“No. Do that, but don’t do that,” he says.
So I kiss his neck again. Then he kisses mine, and I don’t shrink. I melt.
He stands up and pulls me up with him. He takes my hand and walks to a room next to the living room. He turns on the light and nothing but blue, black, and gray fills the space. The walls are a deep blue, the covers on his bed are a plaid mix of blues. His carpet is gray and his furniture is black.
Before I get a chance to look around, Kasim’s arms are around me and his lips are touching mine. Soon, our bodies are so close that we are one person.
And then, I am the color pink. If hot red is for anger and rage, then pink is the color of a soft burning—hot enough to light up the dark corners of sadness and grief, but cool enough to be tender, innocent, open. I let myself sink into Kasim as he pulls me toward his bed. He is soft and gentle. I am like syrup again. And all the walls around me, everything that has blocked my joy these past few months, oozes, trickles, and melts away.
Only skin, muscle, and bone separate my heart from Kasim’s heart. I’m so close to him that I can feel it beating against my own chest. Both his arms are wrapped around me, and his leg is stretched out across my bare thighs. It’s as if he has swallowed me whole with his body. It’s a place so warm and so bright that I swear we must be glowing from beneath his covers. He nestles his face in the crook of my neck and inhales deep.
“Is this real?” he whispers.
I take his hand and breathe into it. “You feel that?” I ask.
Then he presses his body against mine and pulls me in. “You feel that?”
“Yeah,” I breathe.
Time melts around us. And maybe this bed and his sheets and his room dissolve into nothing. It’s just us here. Nothing else matters. Nothing else exists.
Until my phone rings.
It’s Chantal calling. Midnight. I don’t pick up.
Slowly, we gather the world around us and ease back into the present.
I put my clothes on and he changes into something different. Before we leave his room, we hug and hold each other for what feels like forever.
He kisses my forehead.
“I’ll take a beatdown from your cousins for bringing you home late,” he says. “It was worth it.”
“I am your back,” I say.
“Don’t you mean you have my back?”
“No. I am your back.”
“For real, Fab?”
“Yes. It’s real,” I say.
KASIM’S STORY
Dray used to call me a mama’s boy. My moms used to roll up to my school and plant a fat wet kiss on my cheek for everybody to see. She said it was to let all those teachers know that I was loved. But I caught hell for it from my boys.
Mama still kissed me on the cheek and rubbed my bald head when I was in high school. Now, don’t get me wrong. I wasn’t spoiled or nothing. She just liked to show me off in public. But in the house, you best believe she had me scrubbing pots, cleaning toilets, putting up shelves, and shit. Those were the times I wished I’d gone down to Memphis to live with my pops. There were times when I wanted to straight up hop on a Greyhound and leave Detroit for good when I had to deal with all the bullshit out here on these streets.

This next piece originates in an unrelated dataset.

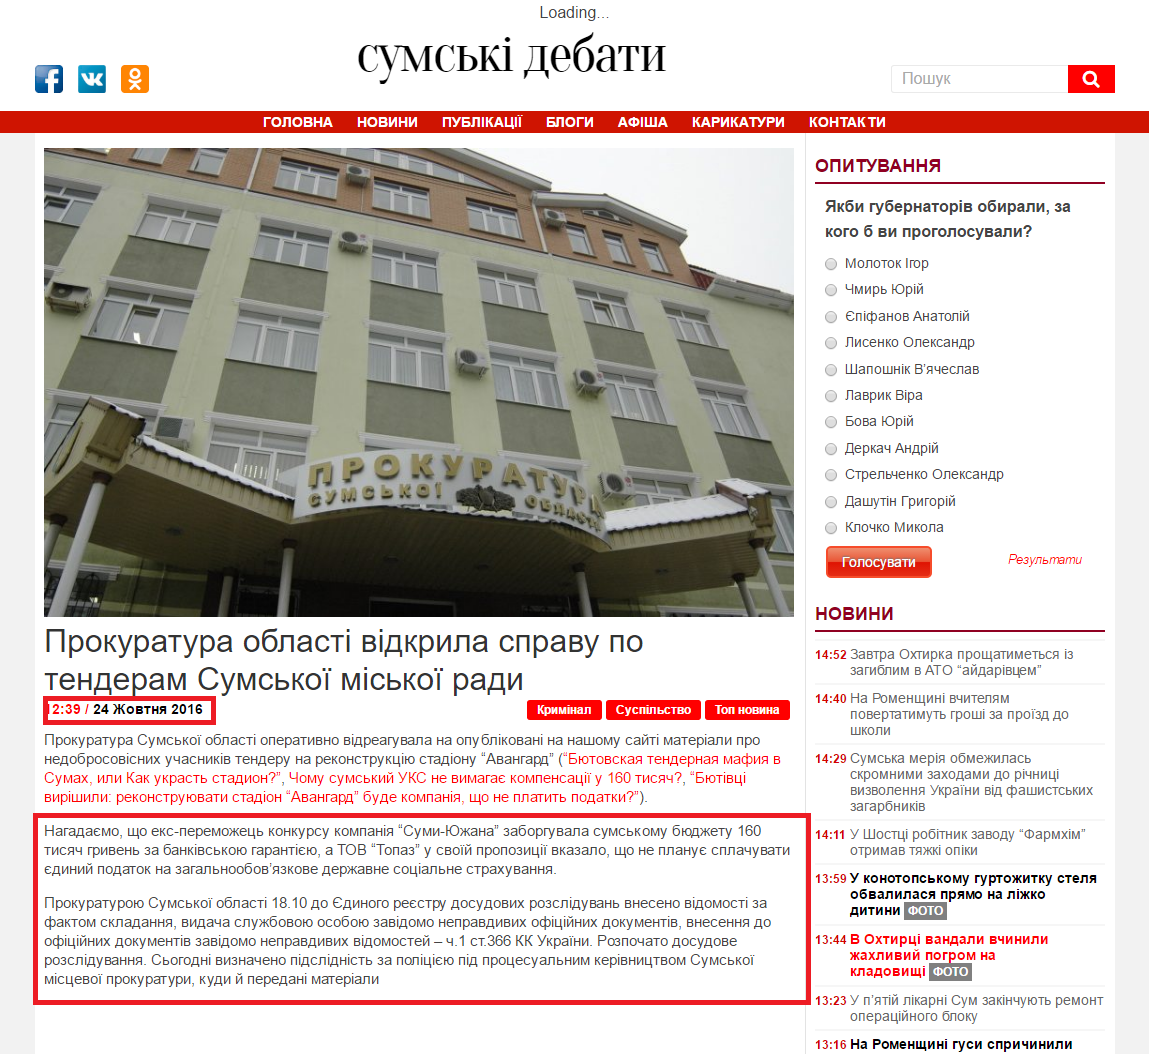 http://debaty.sumy.ua/news/society/prokuratura-oblasti-vidkryla-spravu-po-tenderam-sumskoyi-miskoyi-rady/

I did some dumb shit just so niggas would stop calling me a mama’s boy. Shit that would break my mother’s heart. But that’s what I had to do just to be able to walk down my own block without being somebody’s bitch. That was back in junior high. But by high school, I had to be able to walk through somebody else’s hood and hold my head up. Truth is, I didn’t. I don’t like rolling with a bunch of niggas. You end up doing even dumber shit and paying the price for it.
But Dray’s been lookin’ out since I was in kindergarten and he was in third grade. Once my pops left, it was just me and my moms. So that’s when Uncle Q stepped in. If she had to work late, Q let me stay over and me and Dray would play video games all night. At first, my moms didn’t trust Q, but after a while, she had no choice. He was the only man to come through for her. They never went out or nothing, but Q was like, whatever you need. And I needed a friend. That’s all. Just one good friend. Not a crew, not no gang. Just Dray. And if Q is like a father to Dray, then Q is my father, too. Never mind my real father who begged me to come down to Memphis ’cause he need somebody to pass on that big ole house to. Maybe when I get married. And have some little half-Haitian revolutionary babies. Hell yeah. I ain’t never felt like this before. I mean, I told girls I loved them and shit. That’s what I do. I love girls. Since I don’t like rolling with a crew of niggas, I stay up underneath a girl all the time. That shit is soft and warm and safe, feel me? But you . . . Damn, girl. I’ll finish college for you. I’ll get a nice government job for you. I’ll save up and buy a house for you.